I don't smoke so please don't tell me it'sa chance to quit smoking 

So my car's cigarette lighter stops working yesterday, leaving my dashcam useless, first I think it's the camera charger that breaks but when I plug the charger in another car's lighter it works again, can someone please tell me where to look for the exact fuse to check and to replace eventually.

Thanks for any comment, please be as detail as possible because my fuse box's label is gone long ago


----------



## jdg (Aug 27, 2009)

There isn't THAT many fuses in a fuse box ya know.
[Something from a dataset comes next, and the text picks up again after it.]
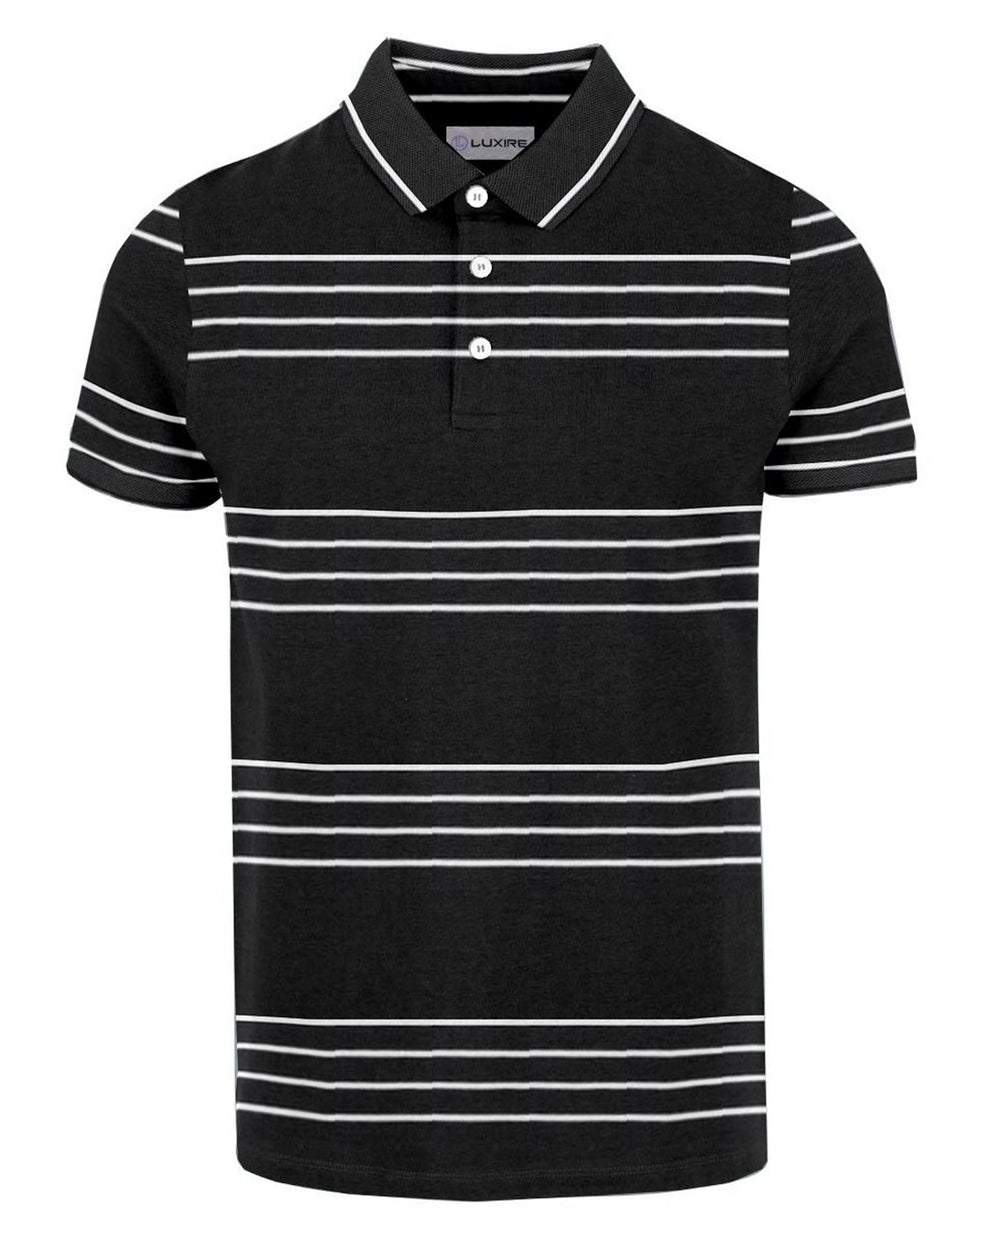 black and white striped polo t shirt

Any particular reason why you could visually check for a single blown fuse. Probably would've taken less time than it did to boot up the PC and enter a new thread...


----------



## lvt (Aug 5, 2008)

jdg said:


> There isn't THAT many fuses in a fuse box ya know. Any particular reason why you could visually check for a single blown fuse. Probably would've taken less time than it did to boot up the PC and enter a new thread...



Thanks for the answer, Google took me to a thread on the B15 Sentra forum that reveales a tip : fuse n° 22 is the one for cigarette lighter, I open the fuse box under the dashboard and replace the fuse 22 with a spare blue fuse (15A) and the lighter works now.


----------



## Slimbob (May 17, 2006)

jdg,
The guy asked a simple question. GEEEEZ

Slimbob


----------



## jdg (Aug 27, 2009)

Slimbob said:


> jdg,
> The guy asked a simple question. GEEEEZ
> 
> Slimbob


The guy asked a simple question...almost *3* months ago...and *FIXED* it already.
JEEZE...


----------



## lvt (Aug 5, 2008)

Yeah thanks guys, it's fixed.

If you want to know, then here is the cause :



















The plastic wall didn't resist to the strong tension from the metal springs and it cracked at several spots, leaving the (+) wire enter in contact with the (-) wire and blown up the fuse (I only found the problem at the 5th fuse change).


----------



## lvt (Aug 5, 2008)

Being unable to find a replacement cigar charger I had to repair the cracked one. I used a strong, transparent plastic tube, reinforced with electrical tape to separate the ressort and the springs which act as (+) and (-) wires.

It works great since.


----------



## smj999smj (Jan 1, 2006)

Good deal! "Better than new!"


----------